Of course financial hubris wasn't confined to Durham.  Yorkshire's transformation under the Grave's regime, from a tenant at Headingley, to owner of a redeveloped test match ground owed  more to YCCC's self image than financial calculation.  But, although ECB money was important in the short term survival of Yorkshire Grave's role in funding the county should not be ignored.  The most recent set of financial statements shows that Graves has, via various trusts and settlements, advanced just shy of £18.5m to YCCC.  And even though the loans pay interest it can't be denied the man has undoubtedly put his money where his mouth is.  

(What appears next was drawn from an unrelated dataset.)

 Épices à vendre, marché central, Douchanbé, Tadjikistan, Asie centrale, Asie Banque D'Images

With Durham there seems to have been more a belief at board level that someone else would step in and rescue the county.  And you can see why the ECB felt that sort of thinking had to be discouraged whilst stopping short of letting Durham go into administration.  

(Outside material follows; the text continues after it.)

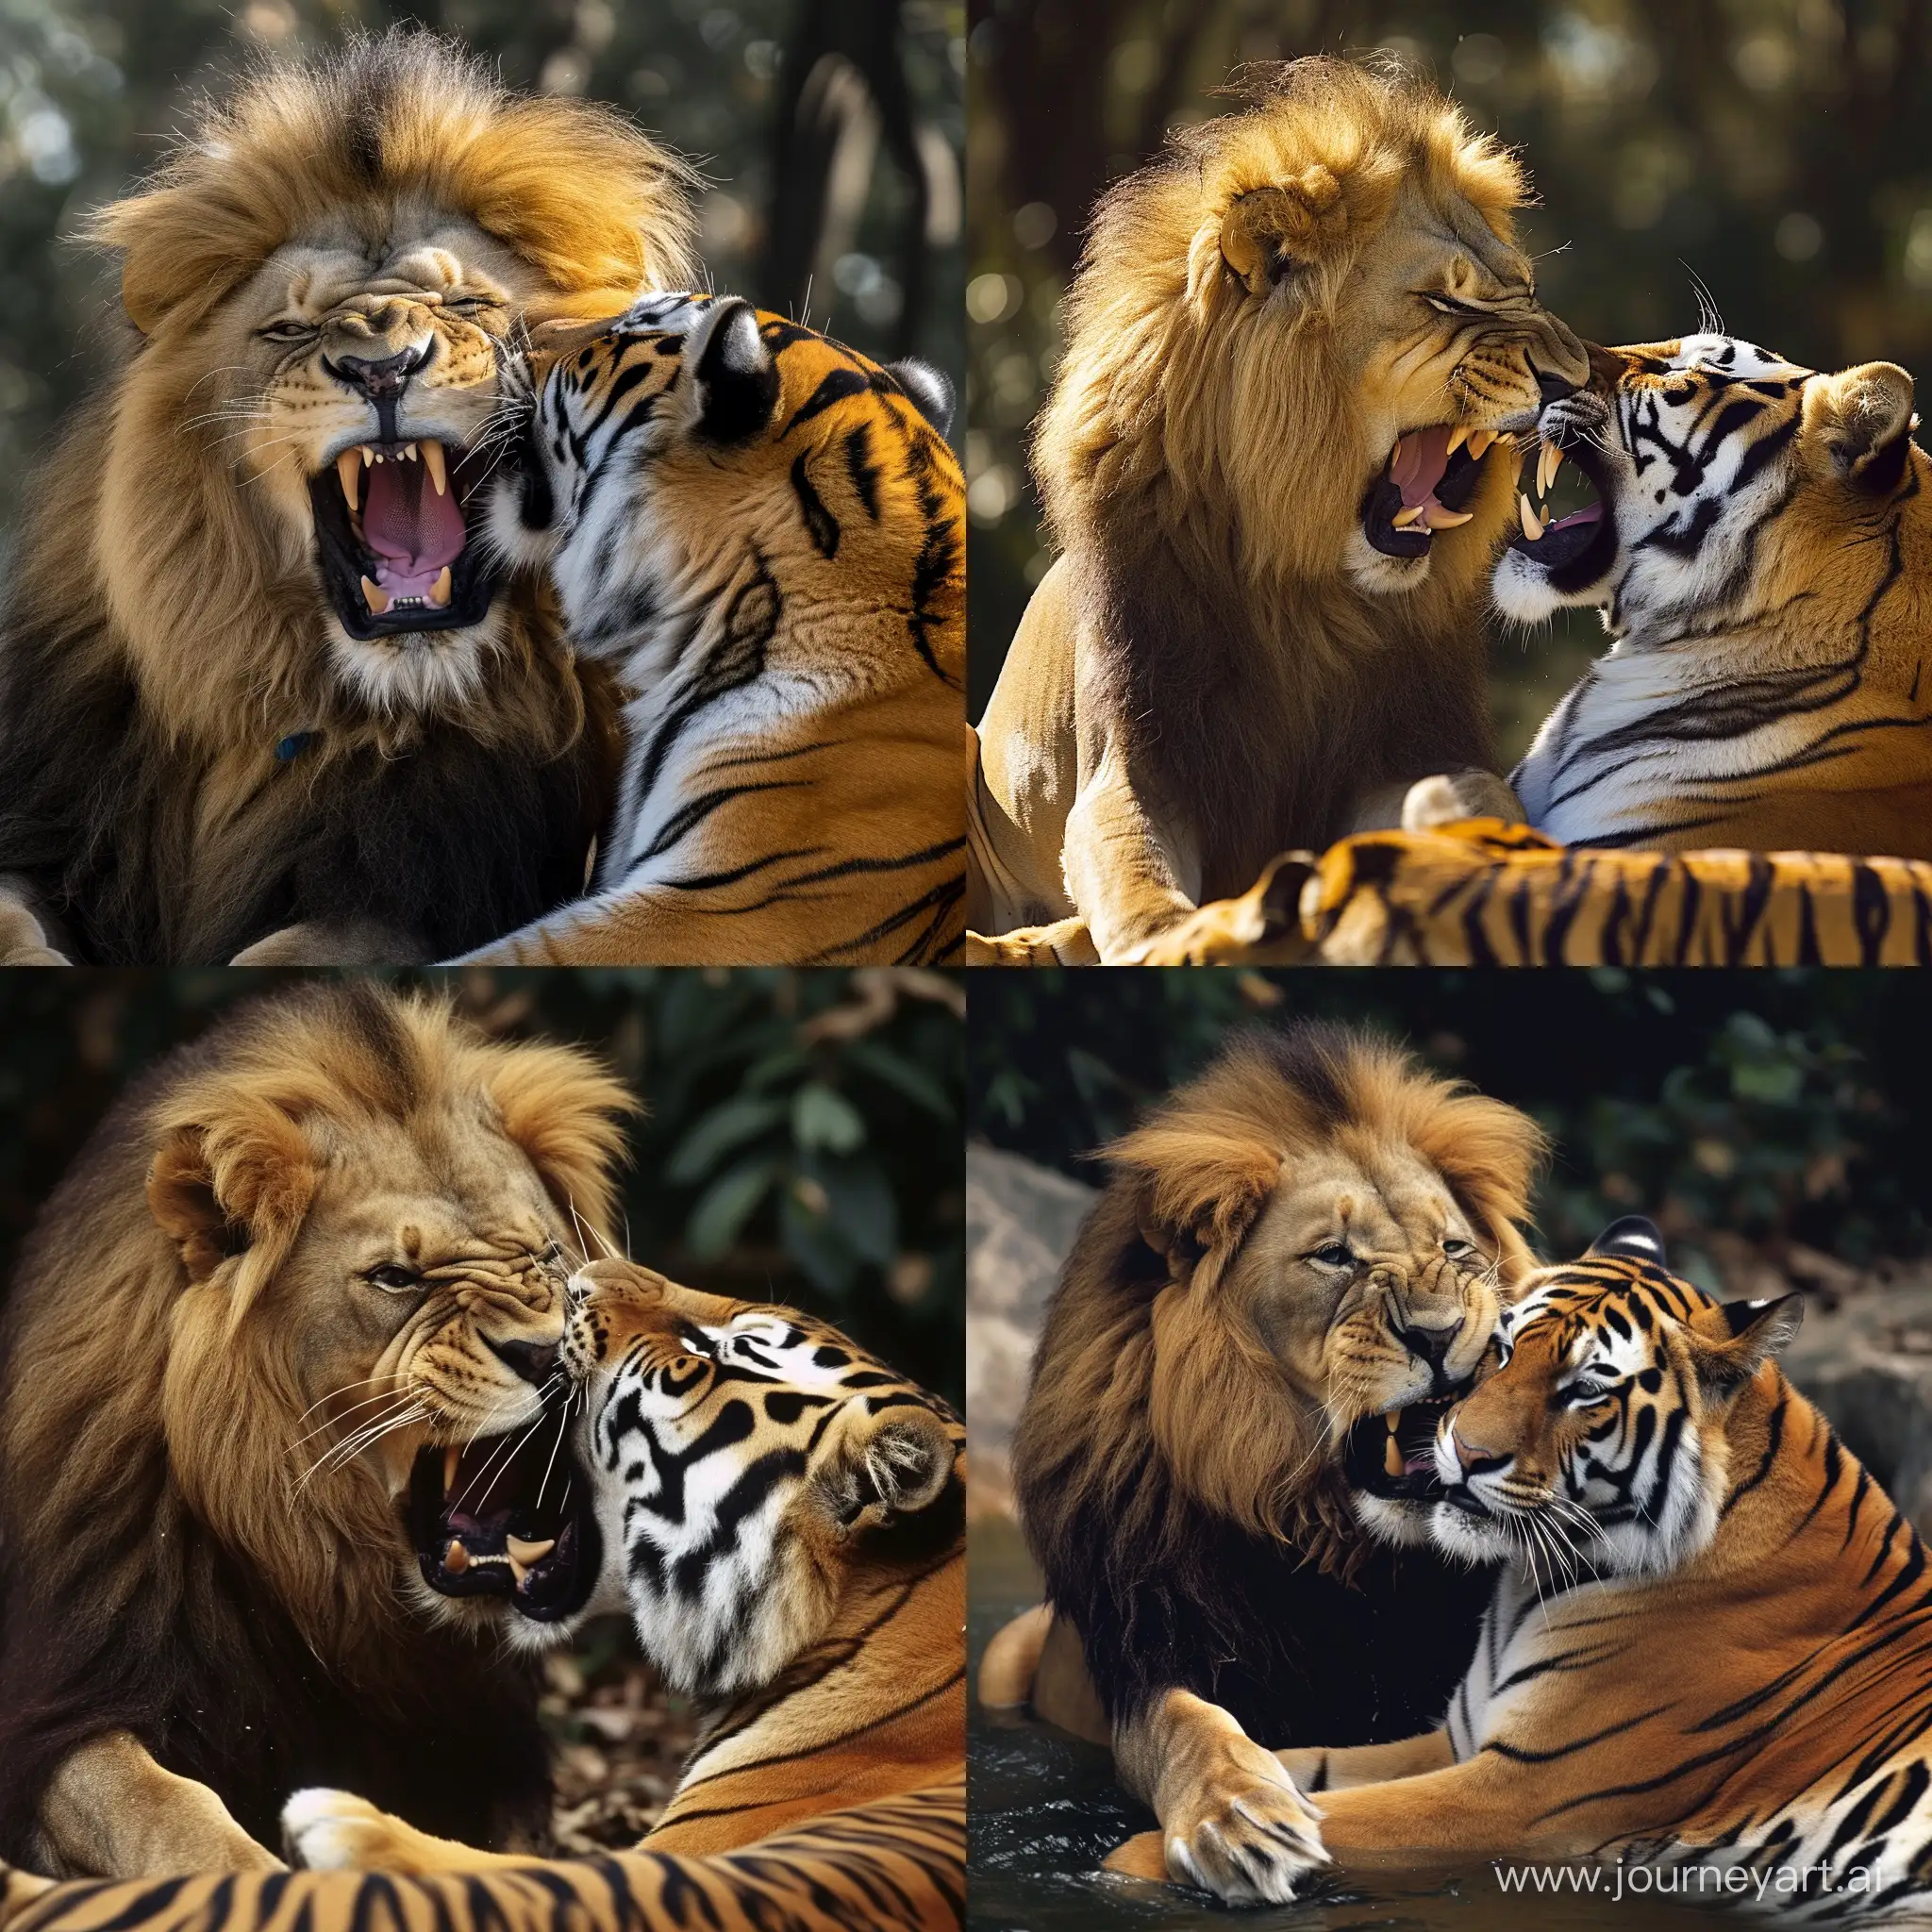 一头强壮的雄狮撕咬着一头老虎

None of this is me trying to argue Durham entirely deserved the penalties they got, it's just a theory of why the ECB's sanctions were so disproportionate and inconsistent with the treatment afforded to other counties.   And I have another theory.

Theory 2

One fascinating though under - reported chapter of the Durham story is the investment  / purchase of the club by Indian businessman Gautam Radia.  Durham was never a proper county cricket club, controlled by its members but was originally a company limited by guarantee.  That all seemed to change by 2009 when Radia was identified in the company's financial statements as having having a controlling interest in Durham County Cricket Holdings Limited.  As far as I can see Radia paid approximately £2.3m for his stake in Durham.  In Five Trophies and a Funeral Stuart Rayner identifies another outside investor, Singaporean businessman Jhaveri Darsan, who he says put £6 million into the county, although I haven't been able to track this down in the financial statements.  

Whether the outside investment was £2.3m or £8.3m Durham seems to have run through that money as well before hitting the buffers in 2016.  And as well as reinforcing the ECB's concerns that bad things happened to people who gave Durham money, foreign investment may have triggered more existential fears in St Johns Wood.  As this 2010 BBC article sets out, part of the reason for Radia's investment was to be in at the start of a putative UK cricket gold rush, with an IPL like tournament including Indian stars and powerful independent franchises based at English test match grounds.  It was, perhaps, not a realistic prospect but I suspect it put the fear of God into the ECB.

One of the changes at Durham as part of the 2016 bail out was that the limited company was converted to a community interest company ("CIC").  One condition for CIC status to be available is that no more than 35% of profits arising can be paid to shareholders as dividends.  This condition formalises the fact that Radia (and possibly Darsan) have lost the money they invested in Durham.  

And in doing this, along with the other sanctions loaded onto the county, the ECB have put down a marker.  For them the counties getting together to form a short form league is an unappealing prospect.  It would see them dethroned from their current position as Sun King of English cricket to a position analogous to the Football Association, theoretically in control, but in practice subservient to to powerful club sides.  I think the ECB nursed its dissatisfaction with Durham and fear of what of they represented and, when the time was ripe, showed what would happen to counties which threatened the ECB world view.